Counterpoint and voice leading are among the few musical subjects where the traditional teaching order is essentially non-negotiable. You learn species counterpoint first — one deliberate constraint at a time — because it builds the ear and hand discipline that every later freedom depends on. Skip it and your part-writing stays muddy no matter how much theory you absorb.
This path follows that classical progression: strict counterpoint, then functional harmony, then the deeper structural view of how voices move across an entire piece.

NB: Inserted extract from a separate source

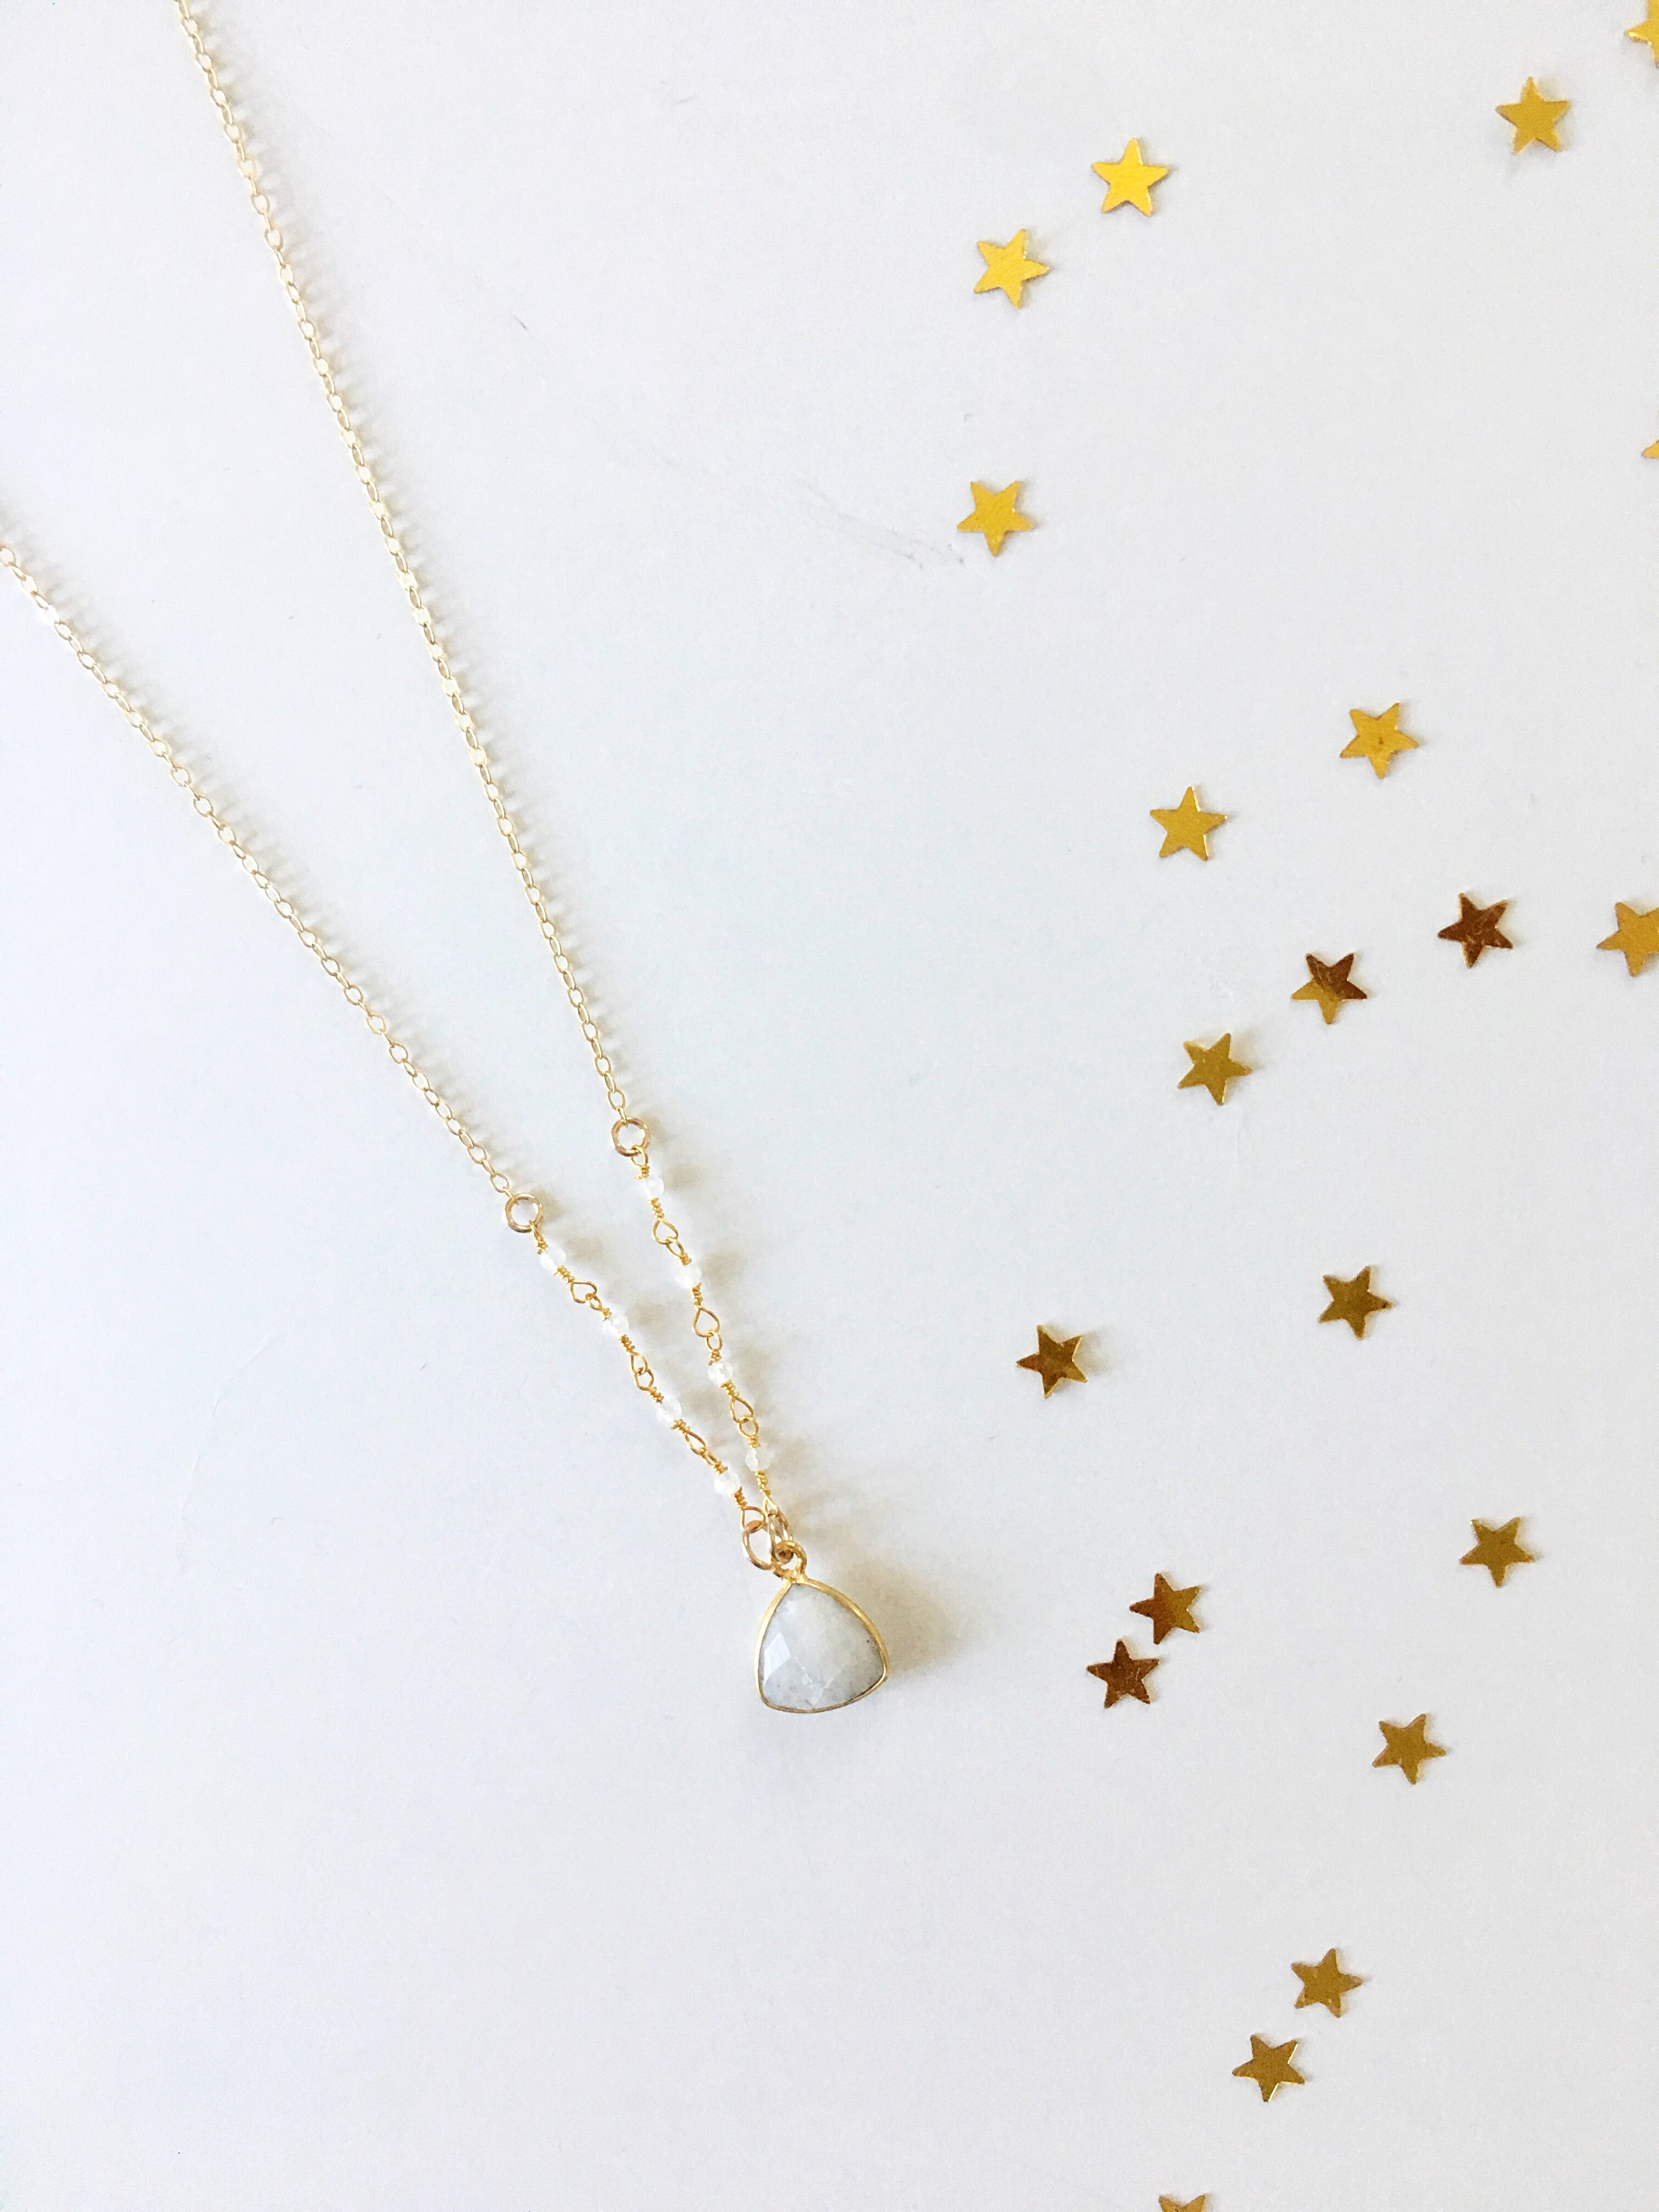 moonstone pendant necklace celestial jewelry

Begin with strict species counterpoint
Start where the tradition starts, with The study of counterpoint by Johann Joseph Fux, the eighteenth-century text that taught Mozart and Beethoven and still teaches today. Then Counterpoint, the polyphonic vocal style of the sixteenth century by Knud Jeppesen refines it through the Palestrina style, and Modal counterpoint, Renaissance style by Peter Schubert makes that same modal practice approachable for modern students.
Add functional harmony
Counterpoint and harmony are two views of the same thing, so Harmony by Walter Piston and Tonal Harmony by Stefan Kostka give you the chord-based framework that voice leading operates inside. These are the standard college texts for good reason — thorough, clear, and full of examples.
Reach toward structure and analysis
Counterpoint in composition by Felix Salzer bridges strict exercises and real composition, showing how contrapuntal thinking shapes actual pieces. Immerse yourself in the repertoire with Bach Riemenschneider 371 Harmonized Chorales And 69 Chorale Melodies with Figure, the canonical collection every voice-leading student works through.
Finally, Free Composition by Heinrich Schenker and Harmony and voice leading by Edward Aldwell reveal the deep structural layers beneath the surface — how a whole movement can prolong a single harmonic idea. Follow the full path and you'll hear music as motion between voices, not just chords in a row.